The name may be any name acceptable to AnaGram.  The name can then be
used anywhere you might have used the expression on the right
side.  \index{!}For example:

\begin{indentingcode}{0.4in}
upper case letter = 'A-Z'
lower case letter = 'a-z'
letter = upper case letter + lower case letter
statement list = statement?...
while keyword = "WHILE"
prompt = !printf("Please enter name:");
\end{indentingcode}

It is important to recognize that a definition statement that names a
set does not define a token.  A token is defined only when the set is
used in a grammar rule, and then only if the set is used directly, not
in combination with some other set.  Furthermore, if you use a
character set directly in a grammar rule, and in some other rule you
use a name that refers to the same set of characters, you will get two
different tokens.  For example, if you have defined \agcode{upper case
letter} as in the above example and use both \agcode{upper case
letter} and \agcode{'A-Z'} in grammar rules, AnaGram will assign
different \index{Token number}\index{Token}\index{Number}token numbers
to accommodate any differences in attributes you may assign to the
tokens.

Renaming tokens is a convenient way to connect two independently
written portions of a grammar.
% See the C grammar in the EXAMPLES directory of your distribution
% disk for an example.

\subsection{Embedded C}
\index{Embedded C}

You may encapsulate C or C++ code in your syntax file by enclosing it
in braces (\bra \ket).  Such pieces of code are copied to the parser file
untouched, in the order they are found in the syntax file.  There may
be any number of such pieces of embedded C.  The only restriction is
that they must not start on the same line as some other AnaGram
statement, and following AnaGram statements must also start on fresh
lines.

Normally, the blocks of embedded C in your syntax file are copied to
the parser file \emph{following} a set of definitions and declarations
AnaGram needs for the code it generates.  However, if the \emph{first}
statement in your \index{Syntax file}syntax file is a block of
embedded C, it will \emph{precede} AnaGram's definitions and
declarations.  This block of embedded C is called the
\index{Prologue}\index{C prologue}``C prologue''.  There are two main
reasons for this special treatment.  First, you may want to have a
title and \index{Copyright notice}copyright notice in your parser.  If
you include them in an initial block of embedded C they will be right
at the beginning of both your syntax file and your parser file.
Second, if some of your tokens have data type\index{Token}\index{Data
type}s other than those predefined in C or C++, you may include the
definitions here, so they will be available to the code AnaGram
generates.

AnaGram scans embedded C only insofar as is necessary to find the
closing right brace.  Therefore any braces used within embedded C must
balance properly.  AnaGram skips braces enclosed in character
constants and string literals, as well as braces enclosed in
comments.  It also recognizes C++ style comments that begin with
\agcode{//}.  \index{Comments}Treatment of nested versus non-nested comments
is controlled by the
\index{Nest comments}\index{Configuration switches}\agparam{nest comments}
configuration parameter.  AnaGram will use the status of this
parameter in effect at the beginning of the section of embedded C.

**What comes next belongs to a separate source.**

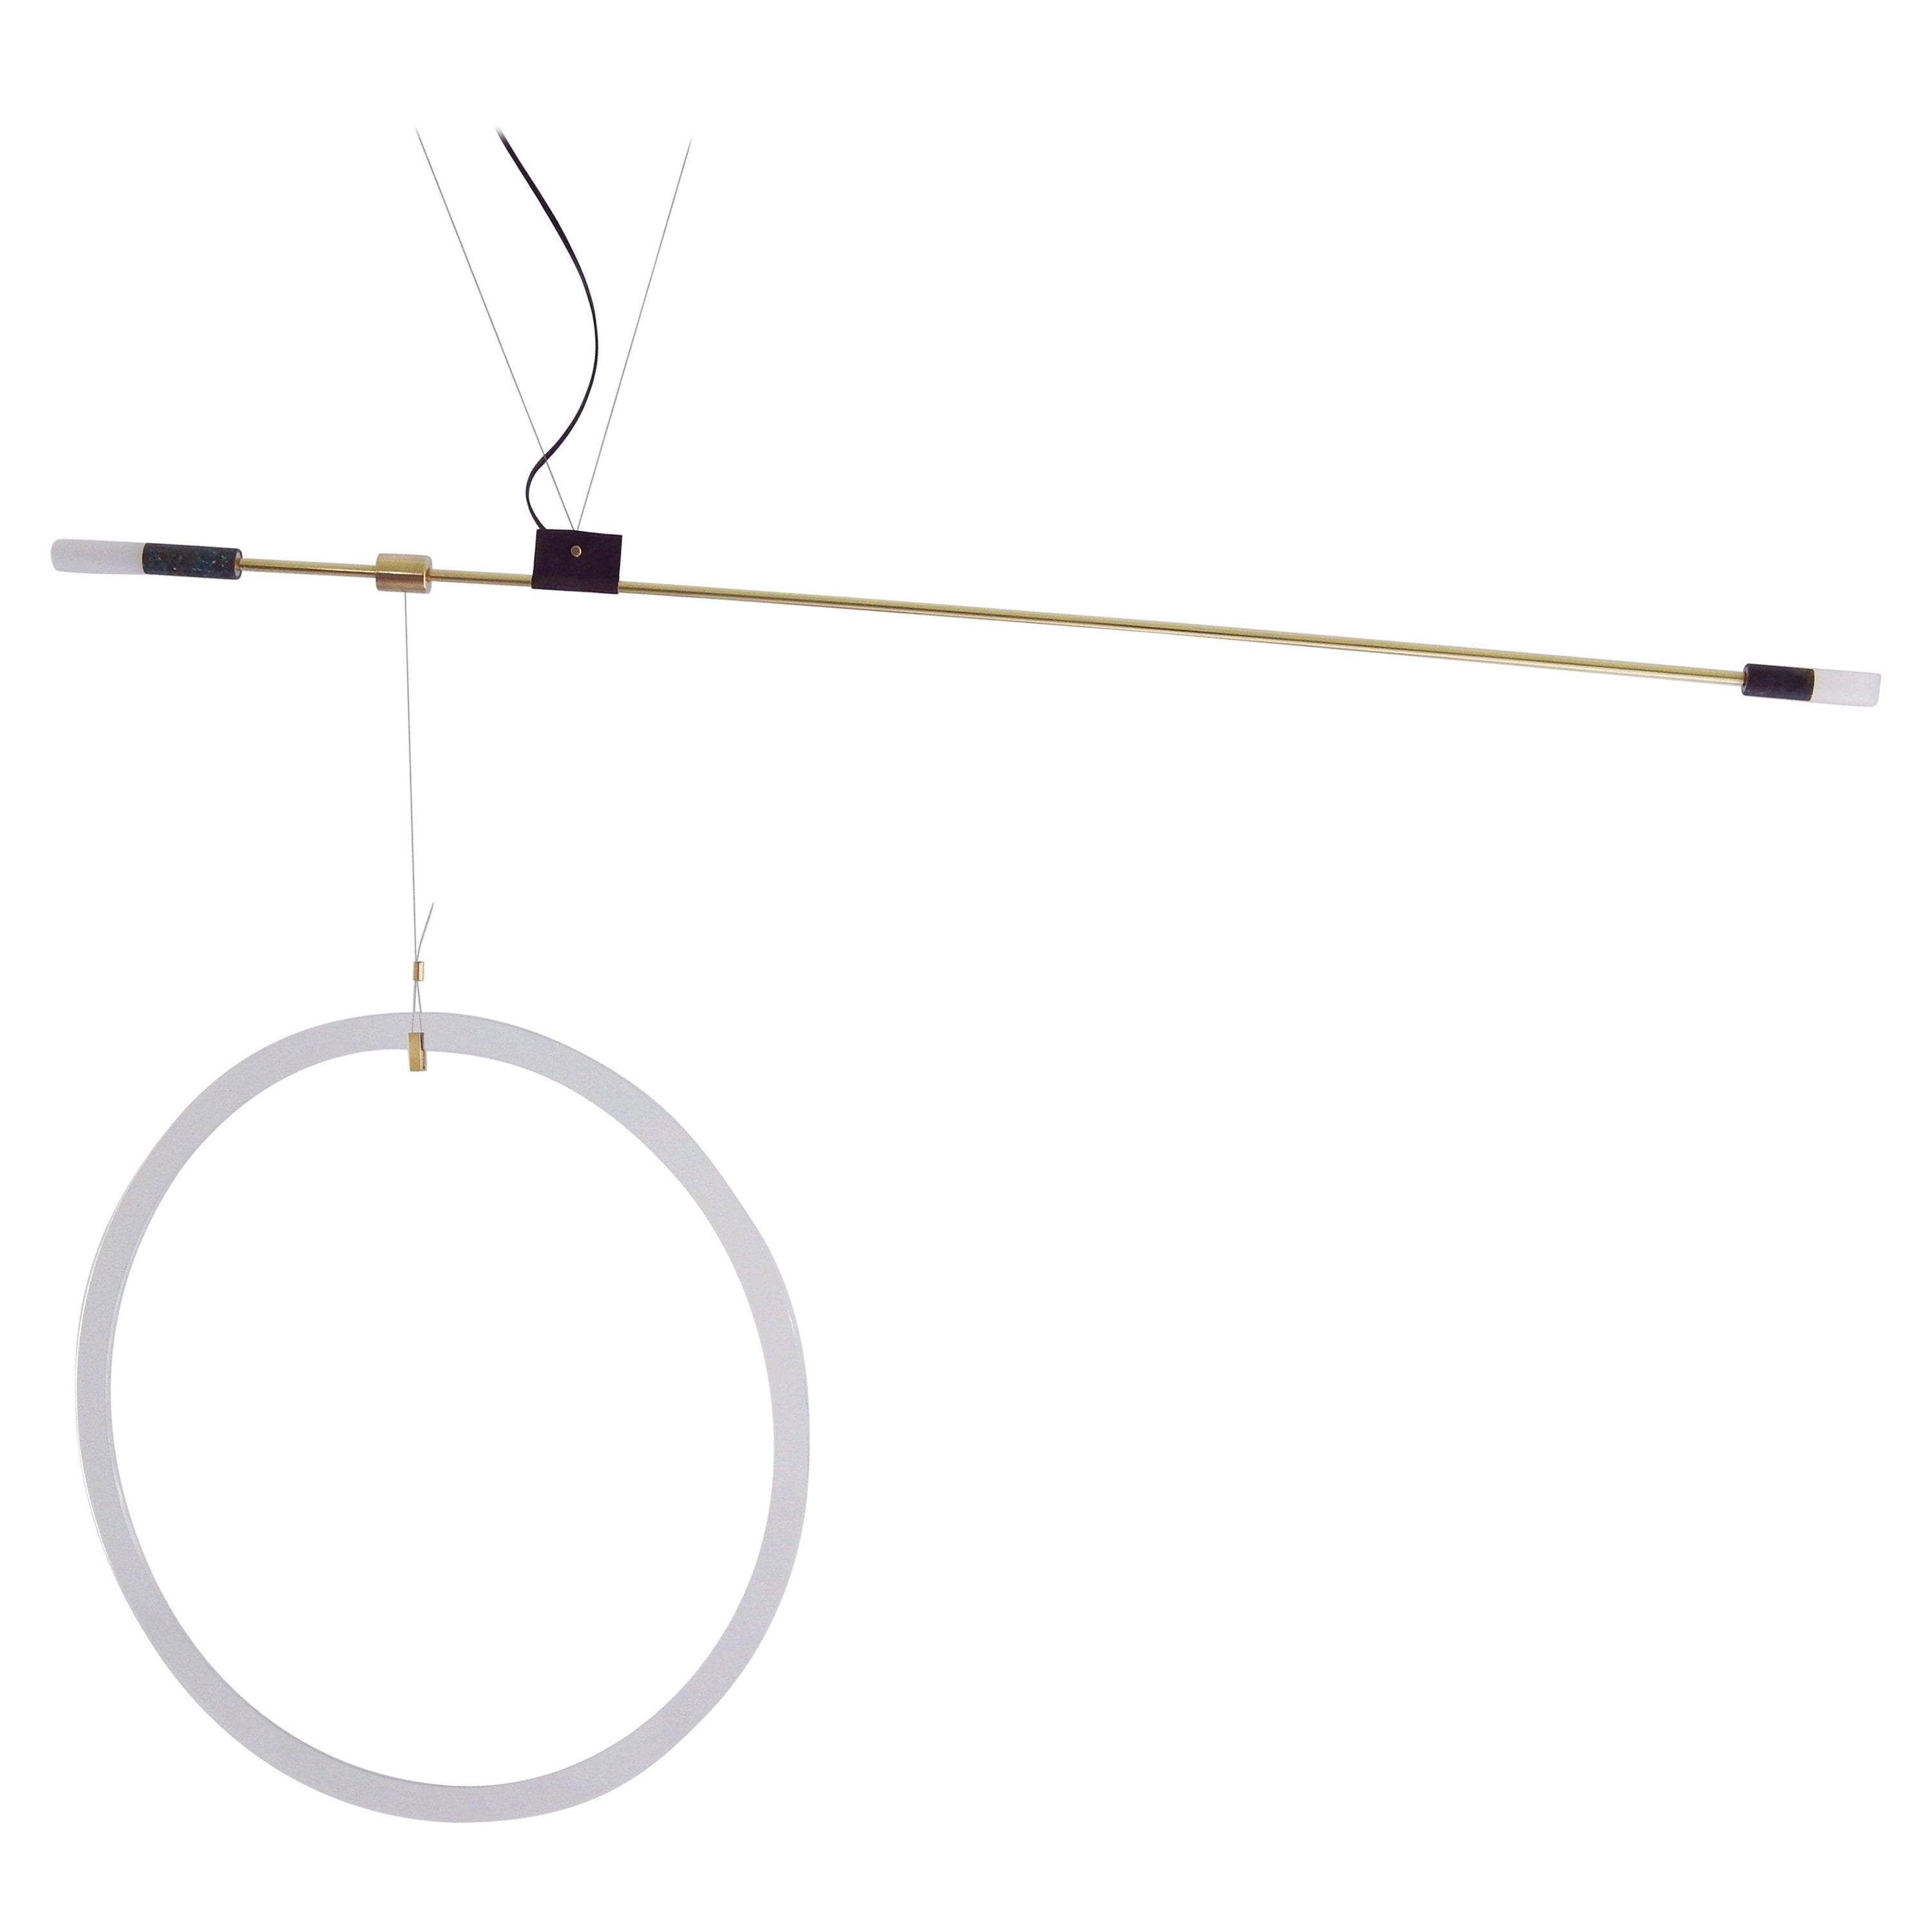 Opus iii Pendant Lamp by Periclis Frementitis For Sale

AnaGram, of course, can be confused by unterminated strings,
unbalanced brackets, and unterminated comments.  The most likely
outcome, in such a situation, is that AnaGram will encounter the end
of file looking for the end of the embedded C.  Should this happen,
AnaGram will identify the beginning of the piece of embedded C which
caused the problem.

The code you include as embedded C, of course, has to coexist with the
code AnaGram generates.  In order to keep the potential for conflicts
to a minimum, all variables and functions which AnaGram defines begin
either with the name of your parser or with the letters
\agcode{ag{\us}}.  You should avoid variable names which begin with these
letters.

Reduction procedures are copied to the \index{Parser
file}\index{File}parser file in the order in which they are defined
\emph{following} all of the embedded C.  Thus your reduction
procedures may freely use variables and macros defined anywhere in
your embedded C.

\subsection{Configuration Sections}
\index{Configuration section}

A configuration section is a special section of your syntax file
enclosed in brackets.  Within a configuration section you may set the
values of configuration parameters or switches, or you may use one or
more of several available attribute statements to specify special
treatment for certain tokens.  There can be as many or as few
configuration sections in your syntax file as you wish.  Each
configuration section must begin on a new line.  Any AnaGram statement
which follows a configuration section must also begin on a new line.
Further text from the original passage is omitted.